Frage: Frau Prof. Hölzle, was verstehen Sie unter dem Metaverse bzw. dem Industrial Metaverse?
Hölzle: Das Metaverse ist für mich die Verbindung von virtueller und realer Welt und, wenn wir über das Industrial Metaverse sprechen, das Zusammenspiel so genannter Extended-Reality-bzw. Virtual-Reality-Technologien mit weiteren Hardware- und Software-Technologien. Ich würde das Ganze somit mehr als Oberbegriff für ein System unterschiedlicher Enabling-Technologien sehen.
Frage: Das Metaverse ist nicht der erste Versuch, eine virtuelle Welt zu erschaffen. Was unterscheidet es z.B. von Second Life?
Hölzle: Für mich ist der erste Unterschied, dass das Metaverse und gerade das Industrial Metaverse nicht rein virtuell ist, sondern immer in Verbindung mit der realen Welt funktioniert. Ich bewege mich in der realen Welt und habe meine VR-Brille aufgesetzt oder Sensorik an meinem Körper, d.h. ich habe ein mit Technologien ausgestattetes Umfeld, das sich in den virtuellen Raum erstreckt.
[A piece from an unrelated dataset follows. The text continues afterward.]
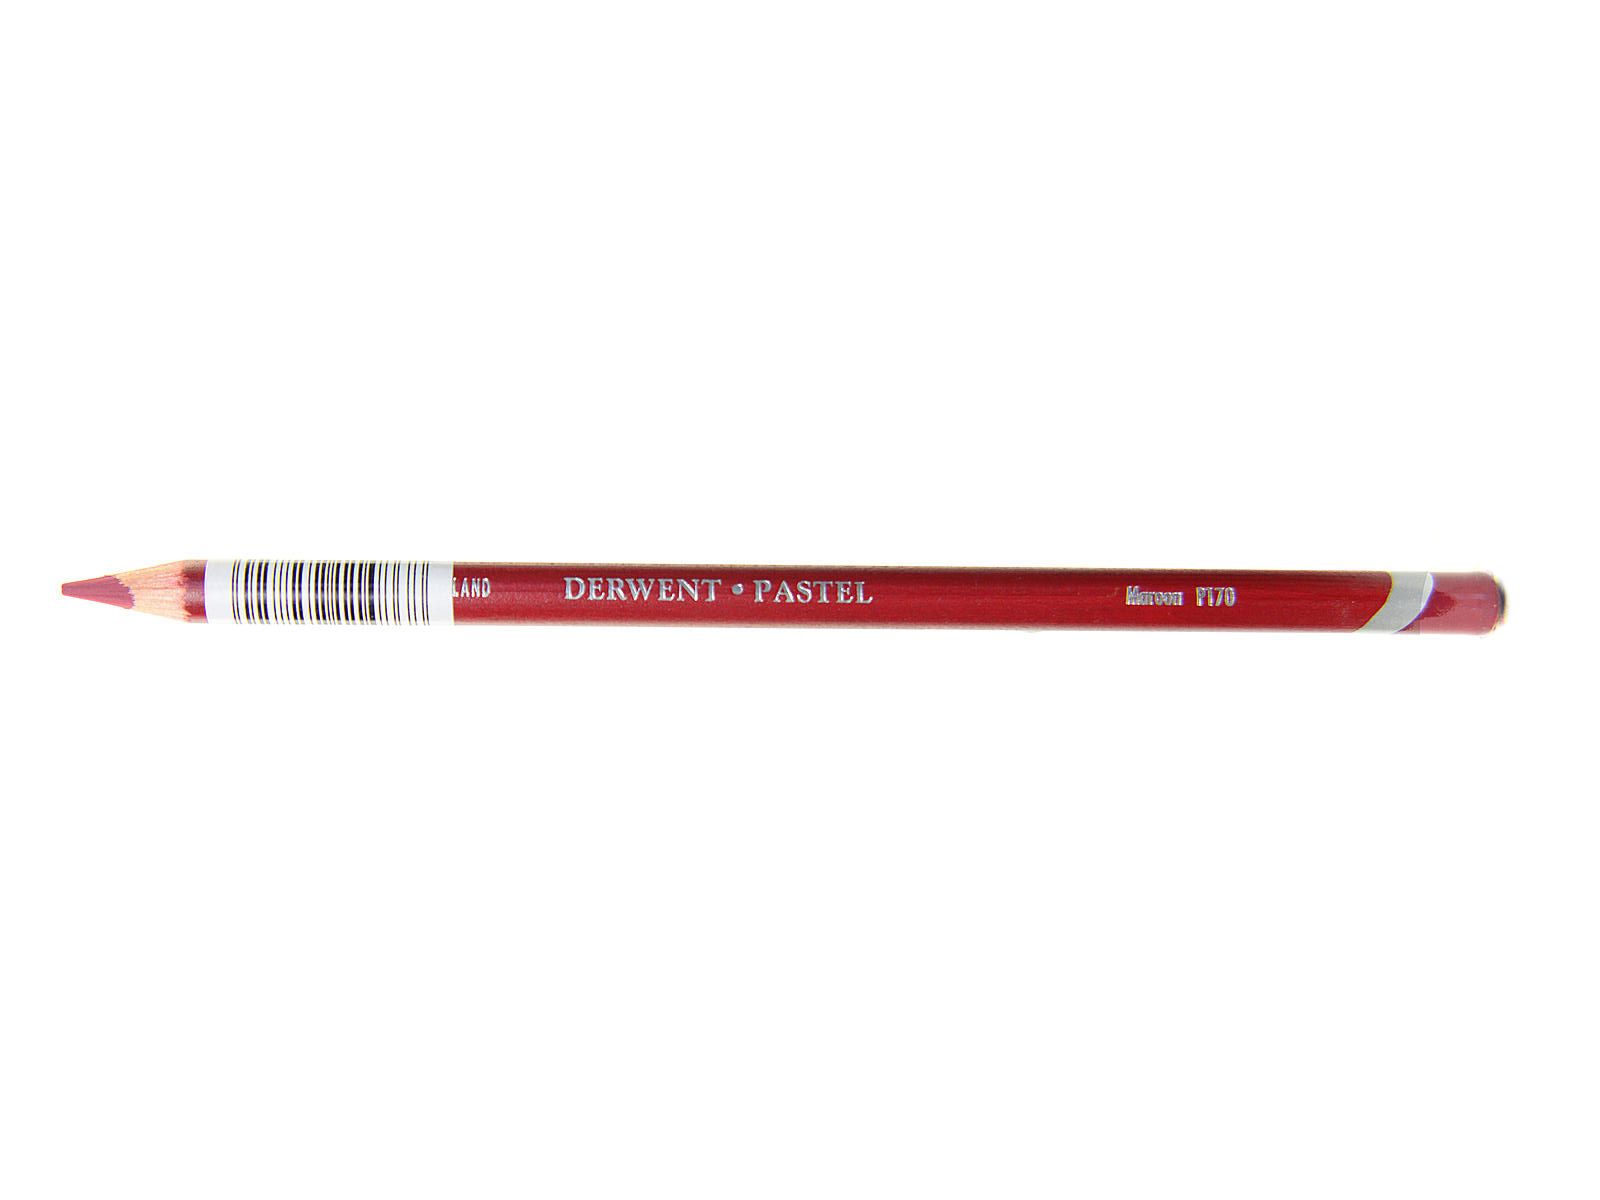 Derwent Pastel Pencil - P170 Maroon

Der zweite Unterschied sind die unterschiedlichen Technologien, die damals noch nicht so weit waren.
Second Life war eine Spiegelung unserer echten Welt, in die wir als Menschen virtuell eintauchen und Eigentum, Grundstücke oder Kunst kaufen konnten. Das ist aber nur ein Teil des Metaverse und hat eigentlich nichts mit dem Industrial Metaverse zu tun. Im Industrial Metaverse geht es um den digitalen Zwilling, die digitale Produktion, das Zusammenspiel unterschiedlicher Produktdatensysteme und Plattformen.
Frage: Üblicherweise unterscheidet man zwischen Consumer, Commercial und Industrial Metaverse. Welches bietet das größte Wachstumspotenzial?
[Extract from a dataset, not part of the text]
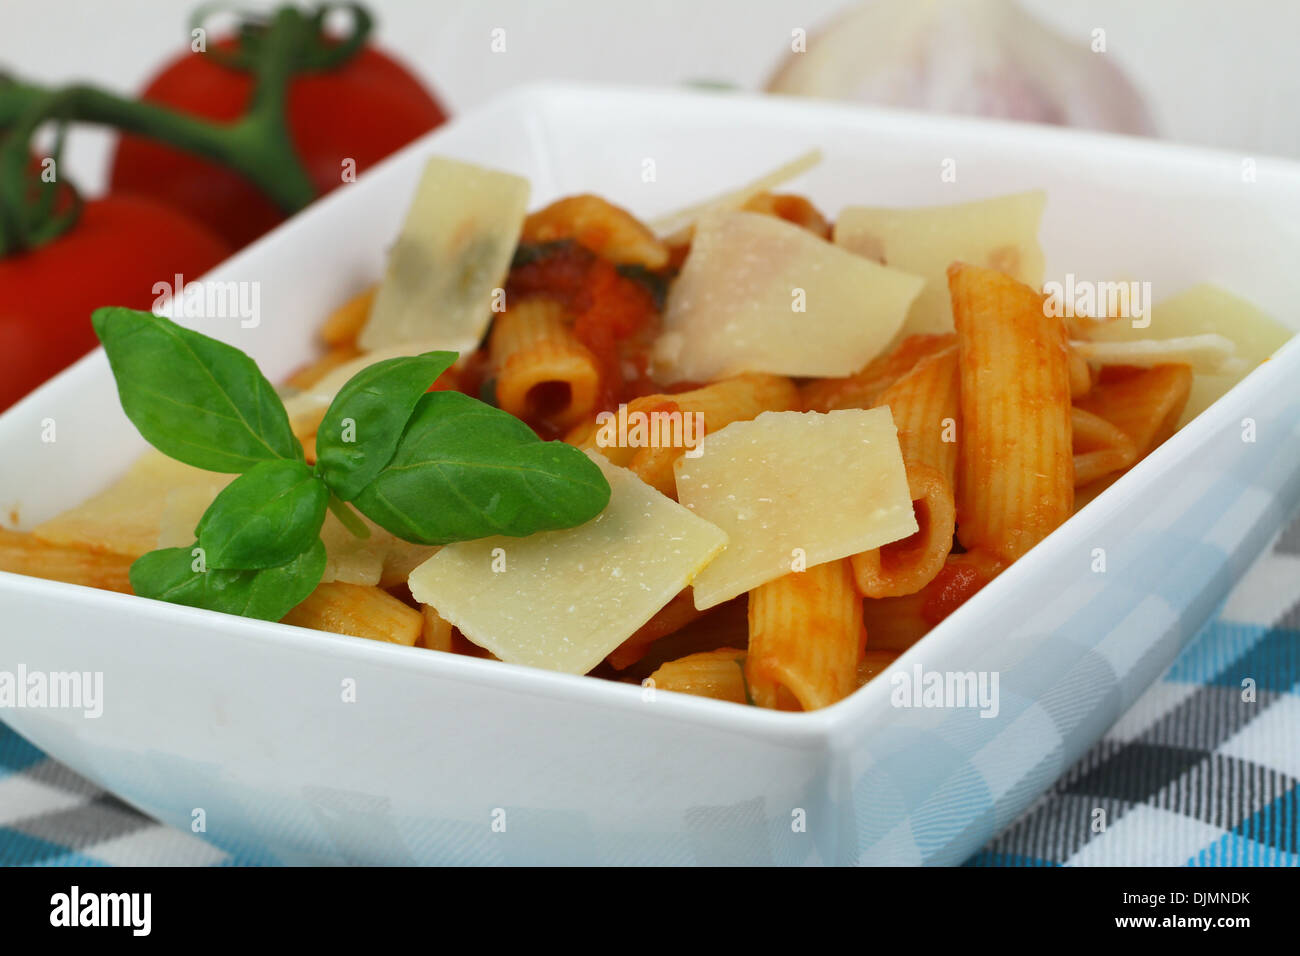 Pasta with tomato sauce, grana padano cheese and fresh basil Stock Photo

Hölzle: Da sind sich die Experten nicht ganz einig. Die Wachstumsprognosen für alle drei Bereiche bewegen sich im Bereich zwischen 180 Milliarden und fünf Billionen US-Dollar - da steckt viel Phantasie drin. Ich sehe das größte Potenzial im Industrial Metaverse aufgrund der vielfältigen Einsatzmöglichkeiten im Kontext B2B. Im Consumer-Bereich ist noch nicht ganz klar, wie das Geschäftsmodell dahinter aussieht. Deshalb bin ich vorsichtig bei der Einschätzung des Potenzials.
Frage: Sie haben zusammen mit anderen Autoren einen Beitrag über die Potenziale des Metaverse für die Entwicklung von Smart Services geschrieben. Sehen Sie hier das größte Potenzial?
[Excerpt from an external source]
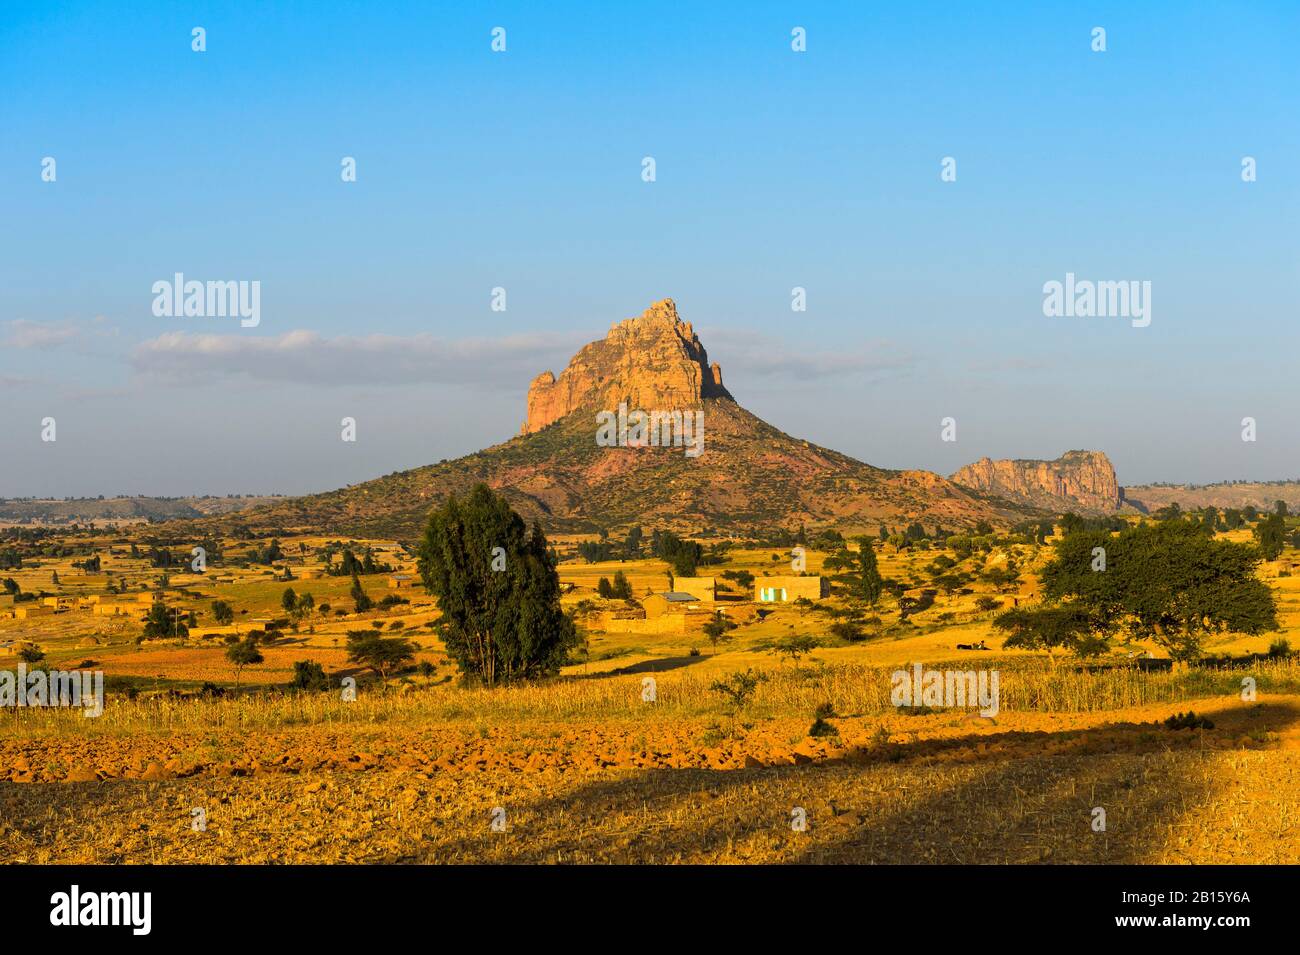 Paysage avec montagne érodée à plateau plat, Amba, dans les hautes-terres éthiopiennes, Tigray, Ethiopie Banque D'Images

Hölzle: Da muss ich etwas weiter ausholen. Das Industrial Metaverse ist ein System of Systems, das unterschiedliche Technologien verbindet. Wir haben aber auch das Thema Produkt-Service-Systeme bzw. Dienstleistungen für Produktionssysteme, denn wir wissen ja, dass das physische Produkt beim ganzen Themenfeld der Datenökonomie, der Digitalisierung und der digitalen Geschäftsmodelle nur noch ein Teil ist. Smart Services sind im Kontext des Metaverse ein wichtiger Teil, gerade wenn wir über neue Geschäftsmodelle nachdenken. Viele Dinge werden künftig digital im Metaverse angeboten, so dass man wunderbar darüber diskutieren kann, ob das dann noch ein Produkt oder eine Dienstleistung ist. Insofern sind Smart Services kombiniert mit Produkten und mit Produktion ein Resultat des Industrial Metaverse.
Frage: Ist das Industrial Metaverse nicht alter Wein in neuen Schläuchen? In der Produktentwicklung werden virtuelle Modelle und immersive Techniken doch seit Jahren genutzt?
Hölzle: Das ist genau das, was wir den Unternehmen sagen, denn die wissen häufig nicht, was das Metaverse ist und haben Angst, dass sie das nicht beherrschen. In unserer CyberLänd-Studie haben wir deshalb darauf hingewiesen, dass vieles von dem, was das Industrial Metaverse ausmacht, eigentlich schon existiert.
Wir sehen allerdings noch viele Systembrüche zwischen Produktentwicklungssystemen, Produktdatenmanagementsystemen, PLM-Systemen, wobei inzwischen versucht wird, das über Plattformen wie Manufacturing-X zu konsolidieren. Die Vision ist, dass das Industrial Metaverse diese nahtlose Integration ermöglichen wird und dass wir ein einheitliches Datenmodell und einheitliche Datenstandards haben, die auf diesen Plattformen liegen und von den einzelnen Systemen angesprochen werden können.
Frage: Initiativen wie Gaia-X oder Manufacturing-X können also eine wichtige Hilfestellung für das Industrial Metaverse sein?
Hölzle: Ja. Mir ist sehr daran gelegen, dass wir hier europäische Standards schaffen und europäische Vereinbarungen treffen, aber wir wissen ja alle, dass Gaia-X bislang noch kein Erfolgsmodel ist.
Frage: 3D-Modelle sind eine wesentliche Voraussetzung für das Metaverse. Von Produktionsanlagen gibt es diese Modelle oft nicht oder sie sind nicht aktuell?
Hölzle: Das ist natürlich ein zentrales Problem, denn ohne diese Modelle brauchen wir auch nicht über virtuelle Kollaboration nachzudenken. Wir müssen aber irgendwo anfangen. Ich würde mir wünschen, dass wir, wenn wir etwas neu entwickeln oder neue Maschinen beschaffen, den digitalen Zwilling von Anfang an mitdenken. Bei bestehenden Anlagen stehen wir vor der Herausforderung, wie wir sie digitalisieren. Es fehlen uns heute einfach zu nutzende Tools, um diese Zwillinge schnell und mit wenig Aufwand zu erzeugen. Da müssen wir sowohl von staatlicher Seite als auch von Seiten der Unternehmen noch mehr in die Forschung investieren.